Myroslav POPOVYCH: "Disaster is not when there is evil from above... But when there is no difference between good and evil"

27 April, 1999 - 00:00

Interviewed by Diana KLOCHKO, The Day

At a time when the world arena is turning into a theater of war it might
perhaps be indecent to hold small talk behind the beige curtains. Mikhail
Bulgakov's dilemma of the contrast of being is anything but rhetorical
now that we are used to the idea that a happier future can be achieved
only by a major breakthrough, by attack and storm. It is not rhetorical
for the intelligentsia in the first place, because culture with its stable
traditions and search for a peaceful middle course gives way before the
militant onslaught of civilization with its cult of force.

Myroslav Popovych is one of the few intellectuals talking with whom
calms one's heart throbbing with the arrhythmia of cruel questions, which
is unfortunately now our standard rhythm. He practices the philosophy of
heart, so important to Ukrainian culture. He has turned into a model of
the Ukrainian intellectual, something we have needed so badly over the
past few years, perhaps because the bourgeois values of a stable and tolerant
lifestyle seemed to us a cure-all when faced with cataclysms. At present,
a humanitarian disaster is not a hair-raising prognosis counterbalanced
by well-wishing calls for heeding "the voice of the intellectuals." It
is a bitter reality we are faced with and which we have to resist as best
we can, overcoming fears of the future paralysis of our society. Thus we
turned to Mr. Popovych with the recurrent "accursed" question about the
impact of such daily tranquil lifestyle on national culture and whether
intellectuality is threatened with extinction.

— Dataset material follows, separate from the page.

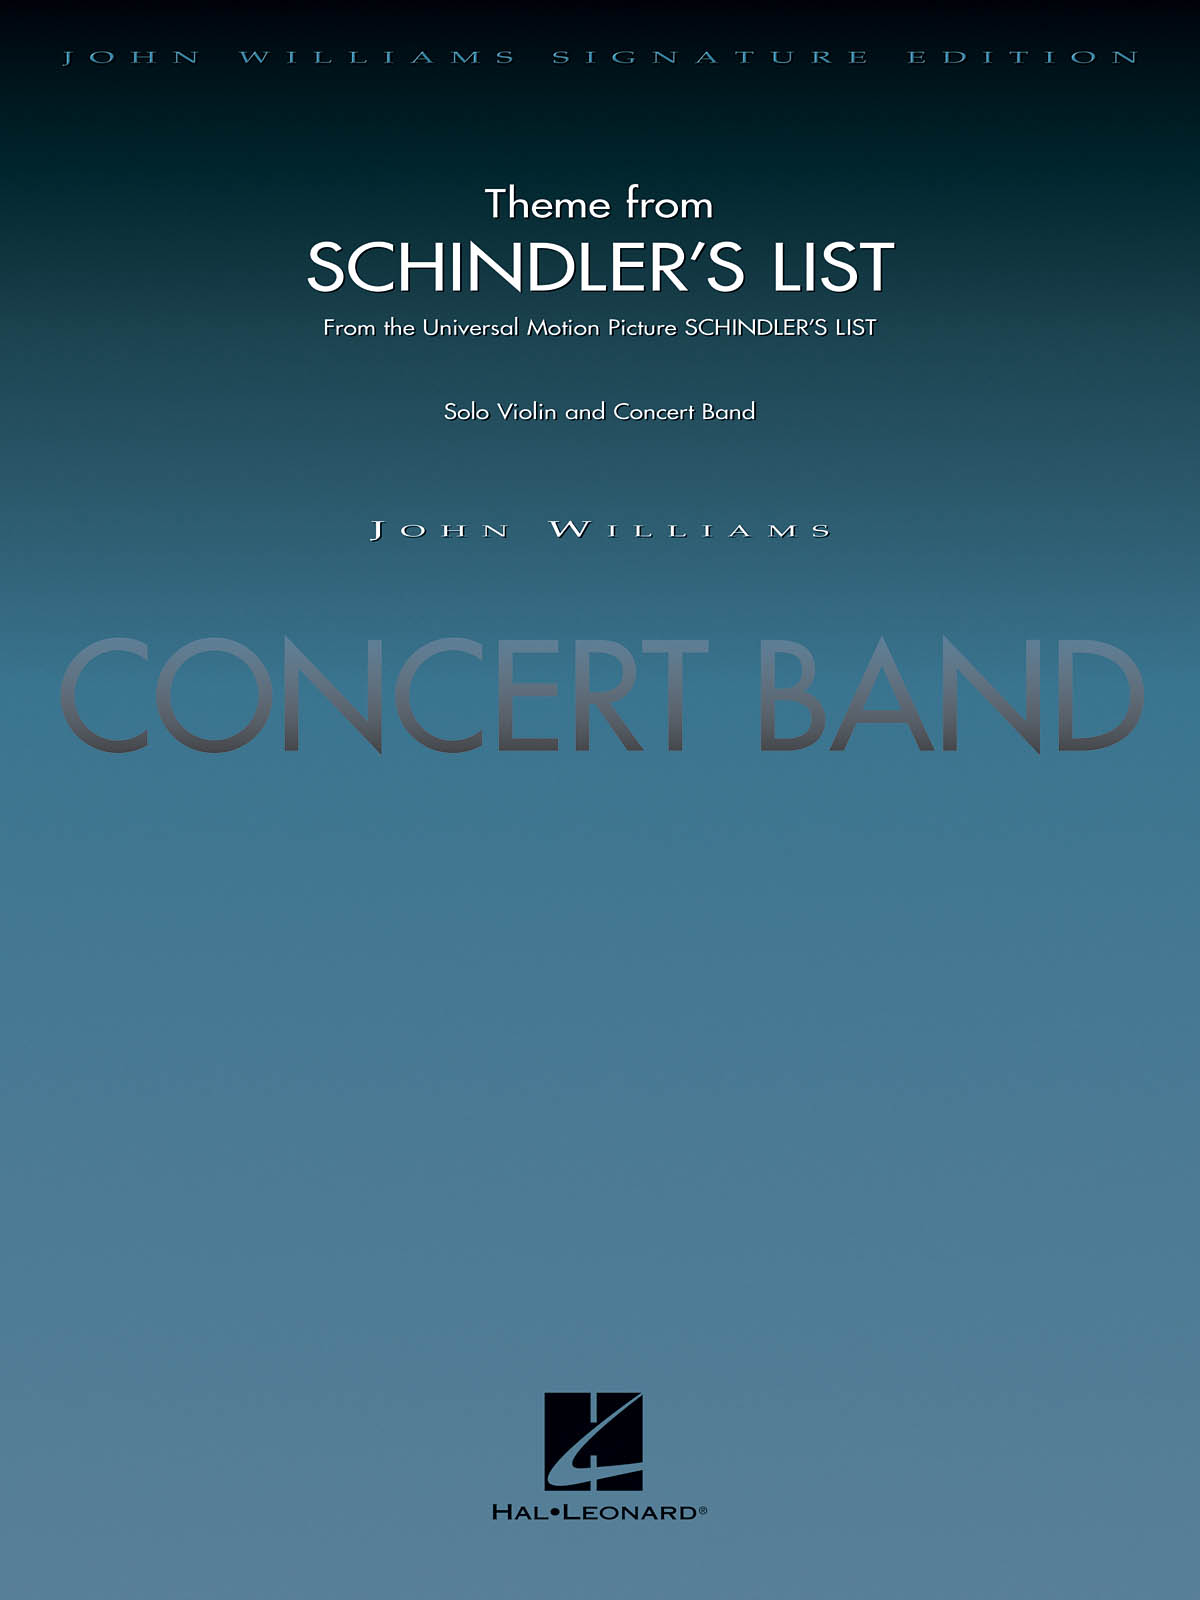 John Williams: Theme from Schindler's List: Concert Band: Score & Parts

The Day: Academician Popovych, we have lived through the period
of heated debates about the intelligentsia, its role in the life of the
nation, and its relationship with the existing regime. Now the question
is whether the intelligentsia is necessary for its own sake.

M. P.: Among ourselves and at home this is all we talk about,
but all our activity come to naught, for in reality no one needs us. It
would be a sin for me to berate those in power, especially after they promised
good pensions when celebrating the National Academy's anniversary (if they
pay them at all). But such meetings, are not the point. The state need
not make us any presents but only make it possible for us to live and work.
We don't need their love. We know the dangers of being the master's pet.
All we need is for them to see to it that we have a proper cultural environment.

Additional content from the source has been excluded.